# DRI and Voodoo3 finally working - here's how

## id10t

I got it working for a Voodoo3/X 4.2/DRI

1) export USE="-3dfx -voodoo3"

2) emerge xfree

3) export USE="3dfx voodoo3" - and make sure it is in your default USE

3) emerge glide-v3

4) emerge xfree

5) mv /usr/lib/libglide3.la foo

6) emerge mesa-glu

7) emerge mesa

 :Cool:  get the "todays binary" from dri.sourceforge.net & install it with the built in install script

9) emerge mesa

glxinfo now reports that it is using dri and opengl.

Here's the part that sucks - 

Before I had dri working, i was getting 105 fps on glxgears on the first 5 seconds, and 120 fps on the remainder.  This is on a dual p2-450 with a stage 1 gentoo install and a Voodoo3.

Now that DRI works, I get a whopping 76fps. in glxgears.  Haven't installed UT or Q3 to test with, but if it is this much slower there as well, it will be back to X3.3.x with Mesa/Glide2/Glide3 on top of it.  That or I'm gonna buy a new video card.

----------

## splat

 *Quote:*   

> Before I had dri working, i was getting 105 fps on glxgears on the first 5 seconds, and 120 fps on the remainder.

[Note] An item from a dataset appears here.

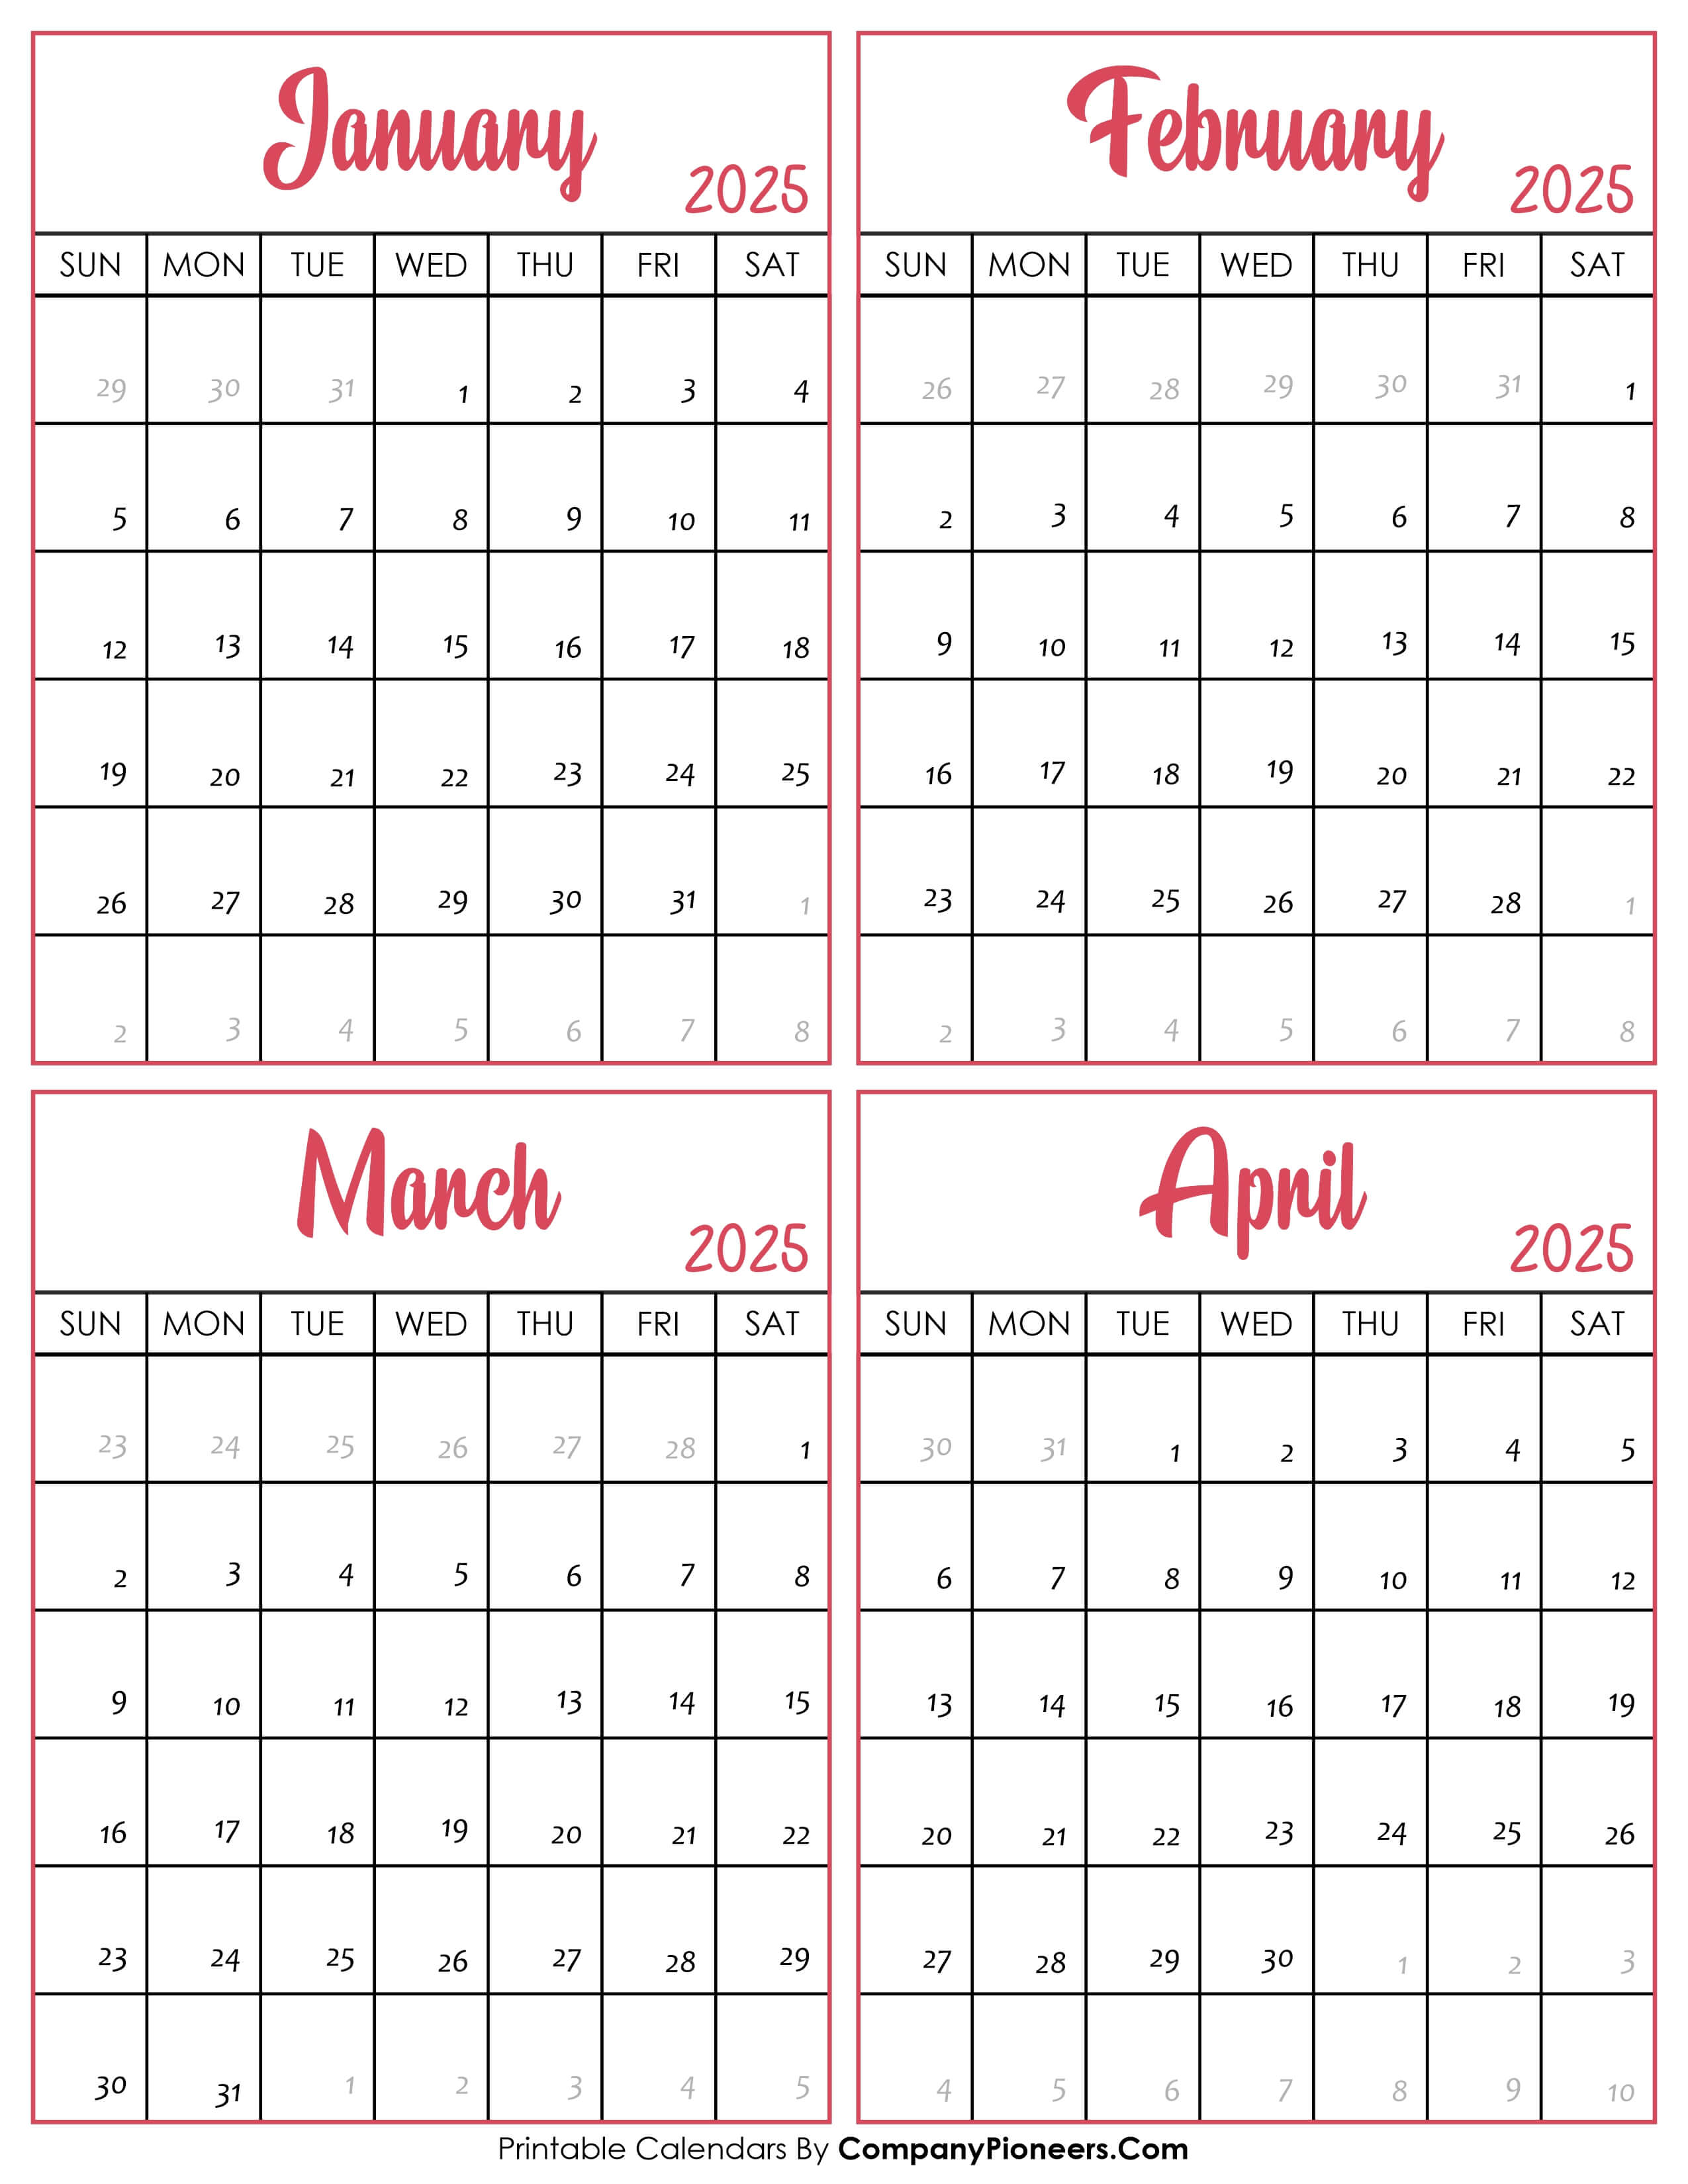 Calendar January to April 2025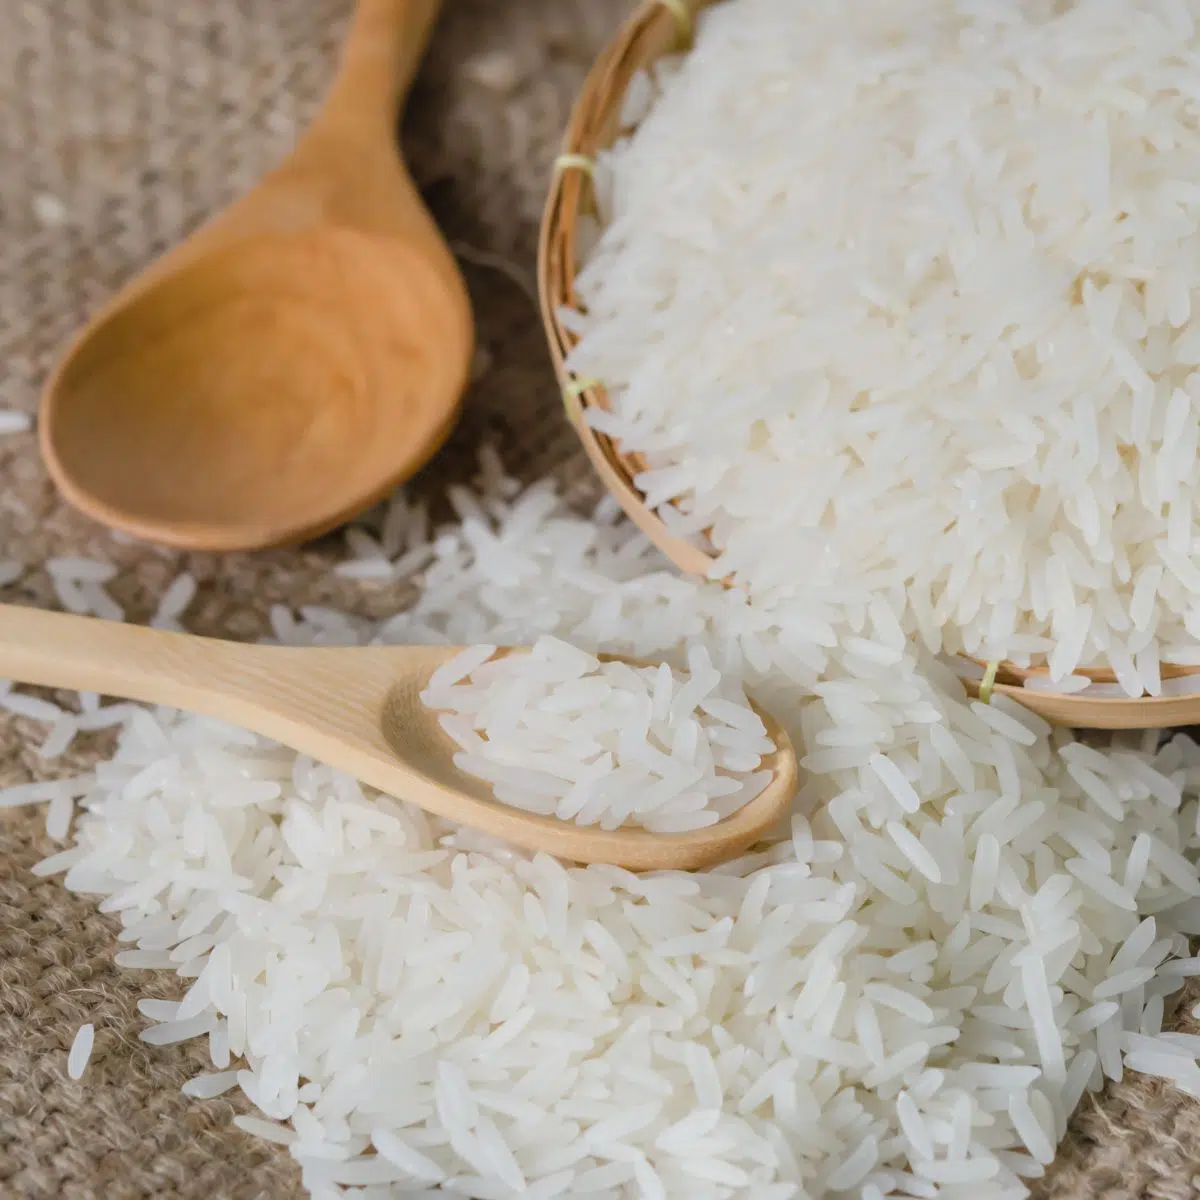 Kvadratna slika bijele riže u zdjeli.

This is on a dual p2-450 with a stage 1 gentoo install and a Voodoo3. 
> 
> Now that DRI works, I get a whopping 76fps. in glxgears.

 

Hardware-Specific Information and Troubleshooting

It sounds like the frame rate is synchronized to your monitors refresh rate.  Try setting the FX_GLIDE_SWAPINTERVAL environment variable to zero.

----------